Scrape API `/scrape`

Low-level endpoint that reuses the same browser + proxy infra as the agent, but returns raw page text and accessibility trees. No planner, no tools—just data for your own models and pipelines.

Try Playground Get API Key

Infra-Only Credits

No model/tool credits—just browser + proxy costs for maximum efficiency.

Raw Page Data

Get extracted text, accessibility trees, and element link records.

Composable Output

Feed results directly into your own LLM/RAG pipelines.

Scrape API Playground

POST/scrape

Low-level endpoint for raw page text + accessibility tree.

API Key

Get from rtrvr.ai/cloud

URLs (one per line)

curl -X POST https://api.rtrvr.ai/scrape \
  -H "Authorization: Bearer YOUR_API_KEY" \
  -H "Content-Type: application/json" \
  -d '{
  "urls": [
    "https://news.ycombinator.com/"
  ],
  "response": {
    "inlineOutputMaxBytes": 1048576
  }
}'

Base URLhttps://api.rtrvr.ai

Use /scrape for raw page data and /agent for full agent runs.

Use your API key in the Authorization header:

Header

Authorization: Bearer rtrvr_your_api_key

Security: Keep your key server-side (backend or serverless). Don't ship it to the browser.

POSThttps://api.rtrvr.ai/scrape

Agent vs Scrape

Use /agent when you want the full planner + tools engine, and /scrape when you just need raw page text + structure for your own models.

See comparison

Open one or more URLs in our browser cluster and get back extracted text, the accessibility tree, and link metadata. The endpoint is designed to be:

Cheap – infra-only credits (browser + proxy), no model usage.
Predictable – stable schema for tab content + usage metrics.
Composable – plug the result into your own LLM/RAG pipeline.

Minimal scrape – single URL

curl -X POST https://api.rtrvr.ai/scrape \
  -H "Authorization: Bearer YOUR_API_KEY" \
  -H "Content-Type: application/json" \
  -d '{
    "urls": ["https://example.com/blog/ai-trends-2025"]
  }'

Each scrape uses a unified UserSettings profile stored in the cloud.

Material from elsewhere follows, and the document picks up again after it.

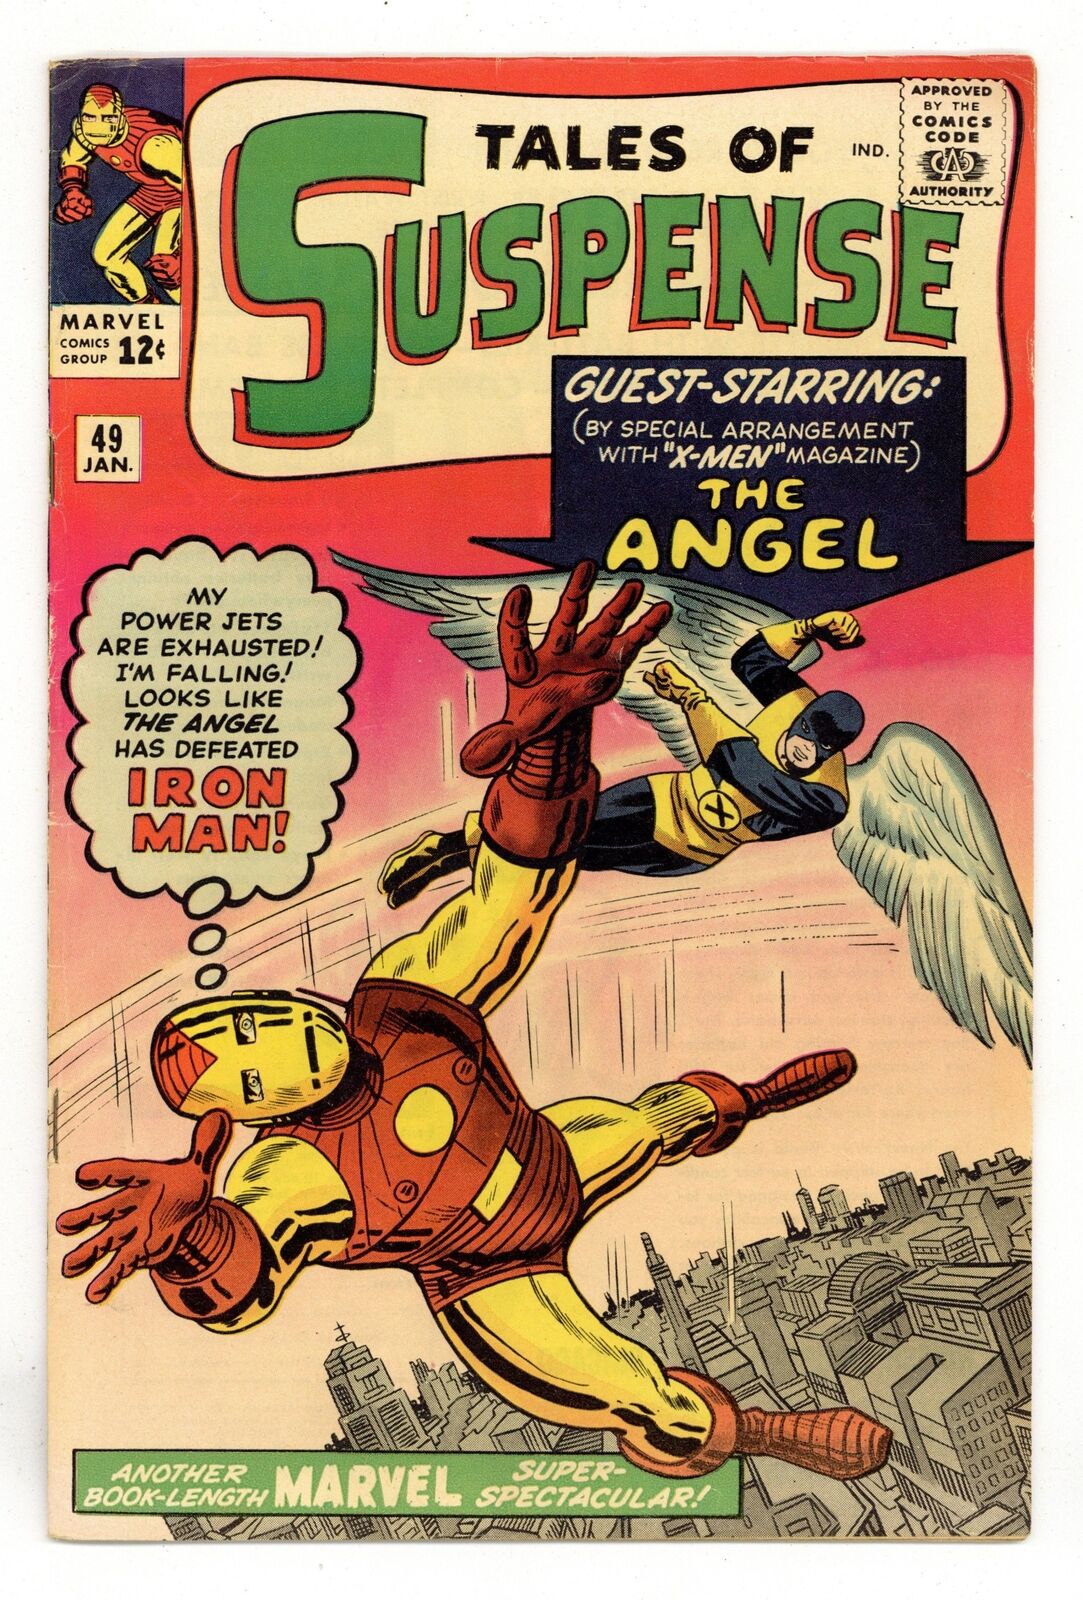 Tales of Suspense #49 VG+ 4.5 1964 1st X-Men crossover

Relevant UserSettings fields (conceptual)

interface UserSettings {
  extractionConfig: {
    maxParallelTabs?: number;
    pageLoadDelay?: number;
    makeNewTabsActive?: boolean;
    writeRowProcessingTime?: boolean;
    disableAutoScroll?: boolean;
    /**
     * When true, only text content is returned from scrapes.
     * The accessibility tree + elementLinkRecord are omitted.
     */
    onlyTextContent?: boolean;
  };

  // Proxy Configuration
  proxyConfig: {
    mode: 'none' | 'custom' | 'default' | 'device';
    customProxies: ProxySettings[];
    selectedProxyId?: string;
    selectedDeviceId?: string;
  };
}

Two ways to control behavior:

1. Cloud profile: configure defaults in Cloud → Settings.
2. Per-request overrides: send settings in your request body.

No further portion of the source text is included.